Johnson hails Scotland's resolve
February 24, 2013
Scotland boss Scott Johnson admits his side were a little fortunate
Scotland interim boss Scott Johnson hailed his team's 12-8 win over Ireland but emphasised the need to improve ahead of their round four clash with Wales.
Scotland rode their luck at times with Ireland dominant in both territory and possession throughout the 80 minutes of rugby. But it was Scotland who came away from Murrayfield with a morale-boosting 12-8 triumph with Greig Laidlaw slotting four penalties to bring up their total.
It is the first time that Scotland have secured back-to-back wins in the Six Nations since the 2001 championship and Johnson praised his team for their performance. "I am happy for the boys because it showed a different side to us," Johnson said. "We probably should have been well behind at half-time and I think we showed great resolve.
"If we combine the resolve and the skill-set we think we can, we can do some damage. I'm happy but we go back to what we originally spoke about before the game - about performance, and there is plenty in that performance that we need to improve on.
"They (Ireland) felt they should have been well in front on the scoreboard and that creates its own pressure. You have to ride your luck sometimes in this game and what we can't do is get too carried away with it. We are proud of the victory but have to give an honest assessment that we need to improve."
He added: "We have got to be honest and say that that wasn't perfect from us. At half-time I felt like we must have watched Ali and Foreman or something. We were lulling them into some false sense of security. My neck was getting sore looking down to one end of the pitch.

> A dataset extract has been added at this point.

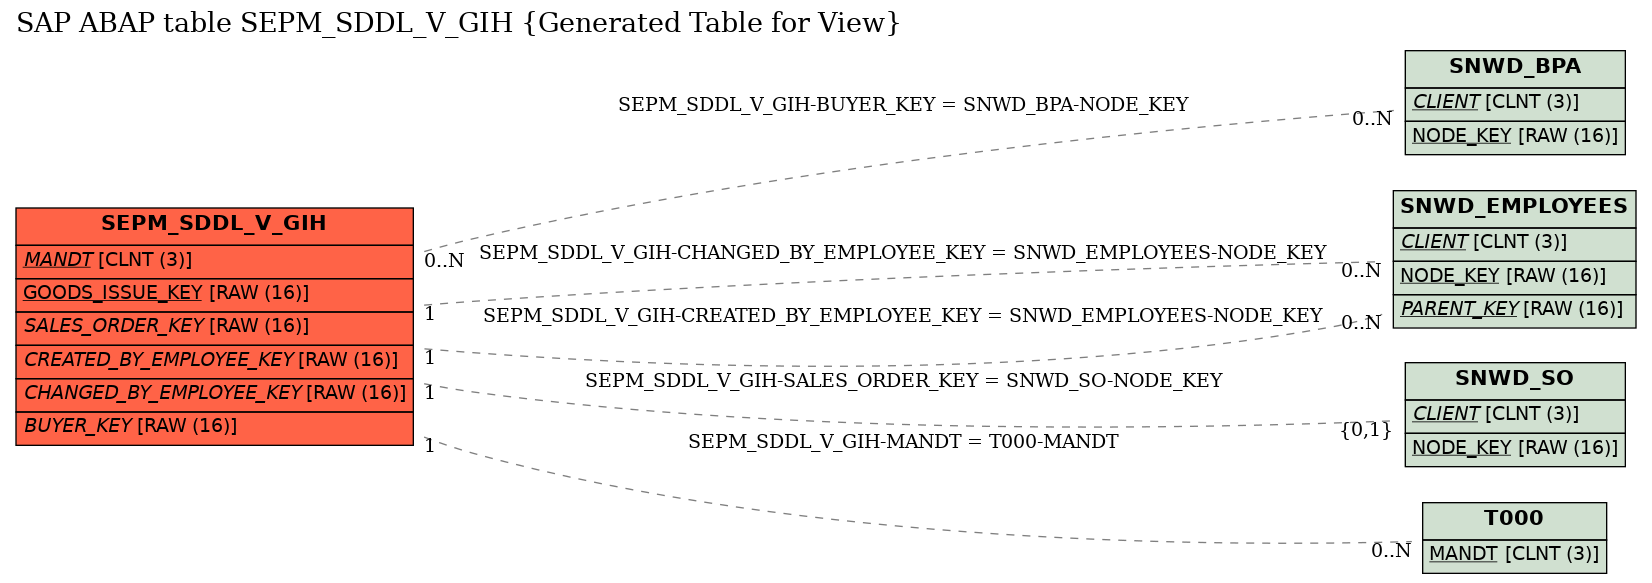 E-R Diagram for table SEPM_SDDL_V_GIH (Generated Table for View)
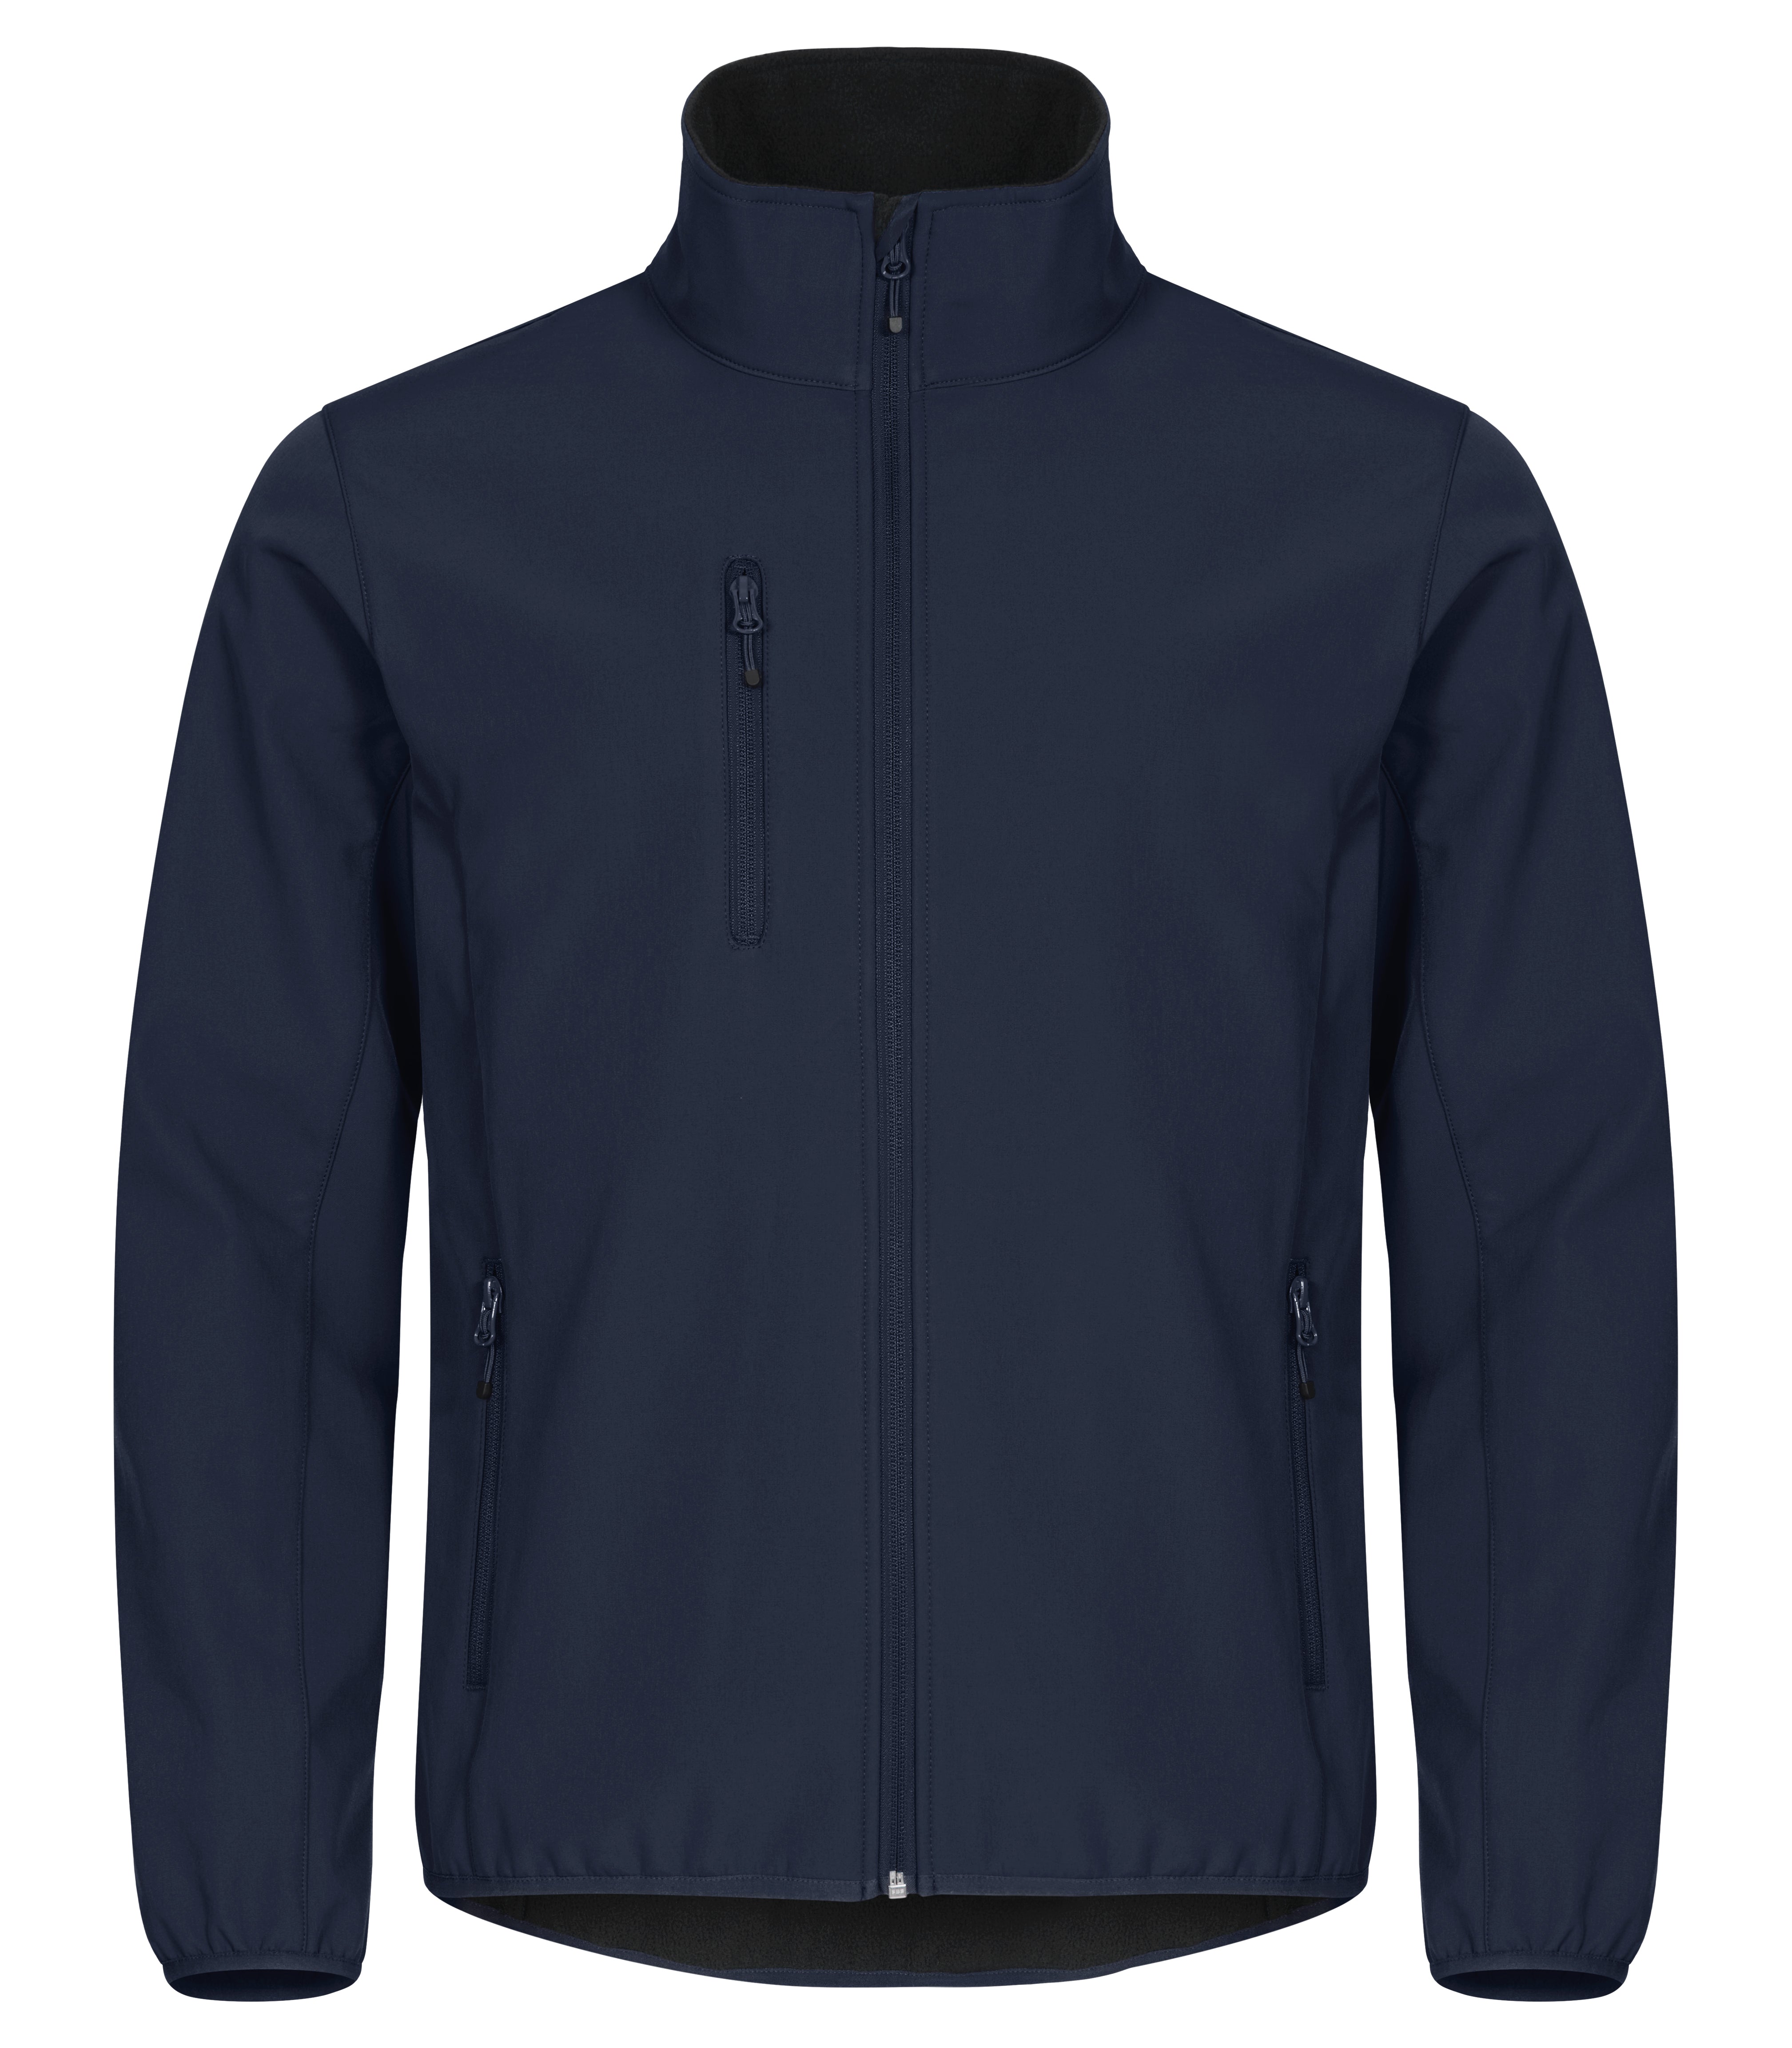 Classic Softshell Jacket | Love your clothing

"It's a funny game. I've played in games when I've been on the other side. It puts a bit of pressure on the team that should be in front. We went in at 3-0 down and I would have taken that. So we took it and we took our chances. We will enjoy the next 24 hours but we will also acknowledge that we have got to work on a few things."
His side remain in the title mix and Johnson believes his side can kick on from this result. "I think we are in it," he said. "There's no doubt we can compete. We have shown that once we get things right, we can hurt sides with the ball. But unfortunately in the first three games we have lost possession and we have lost territory. We have got to get a combination of both back into our game. If we get that right we have shown we can score tries against quality sides and we have shown we can defend like hell."
Ireland coach Declan Kidney reflects on his side's agonising defeat
Asked if he fancied the job of head coach full-time, Johnson added: "I keep saying - let's not get too far ahead of ourselves. I said I would sit down with the board at this completion of this, and we will do that and decide what is in the best interests of Scotland."
Scotland lock Jim Hamilton was handed the Man of the Match award for a huge performance where he disrupted Ireland's line out and also kept their pack moving forward. "That is a massive win for us," Hamilton said. "The support here was absolutely outstanding today and you saw what it meant to the boys hanging on in there at the end.
"We have put a lot of work into our line-out and scrum. I thought our scrum was absolutely immense. I think a special mention has to go to Geoff Cross today - he has come in and done a magnificent job. Credit to all the forwards. We really dug deep today and I think you can see that means a lot to us.
"We knew Ireland notoriously start well and we hung in there in the first half. To go in (at half-time) at 3-0 to Ireland was probably a good outcome for us. We went out in the second half and had to dig deep, and we took our chances."
Ireland captain Jamie Heaslip refused to accept his side should have opted for kicks at goal with two early penalty chances rather than kick for the corner and take a quick tap. "They were the right decisions given the momentum of the game at those points," he said. "We were applying a lot of pressure. Some kicking opportunities for the post we took and on the other ones it was better to go for the corner.
"We weren't accurate with our opportunities and Scotland took theirs, which is disappointing. We made a good few line breaks and applied pressure, but maybe we weren't accurate enough. In the second half we hit the ground running with the try. We knew Scotland could stay in games with very little possession. We felt confident and were focused in what we had to do. Confidence hasn't become an issue. In the second half we were good with the ball in hand. It was another close game and missed opportunity."
Debutant Ulster fly-half Paddy Jackson missed two penalties and a conversion, but coach Declan Kidney refused to blame the 21-year-old. "Paddy's general play was good. He helped us get a few line breaks and his kicks down the line put us in a good field position. He had the courage to go for those, which is a good thing," Kidney said. "His place kicking didn't go the way he would have liked but some days go like that. It's too easy to point the finger at that. Overall his general play was good.
"It's extremely disappointing. We lost by six points to England and by four points today. We had a lot more scoring opportunities today and put ourselves in good positions a few times, but had a few turnovers we wouldn't normally do. That just makes it a frustrating day for everybody."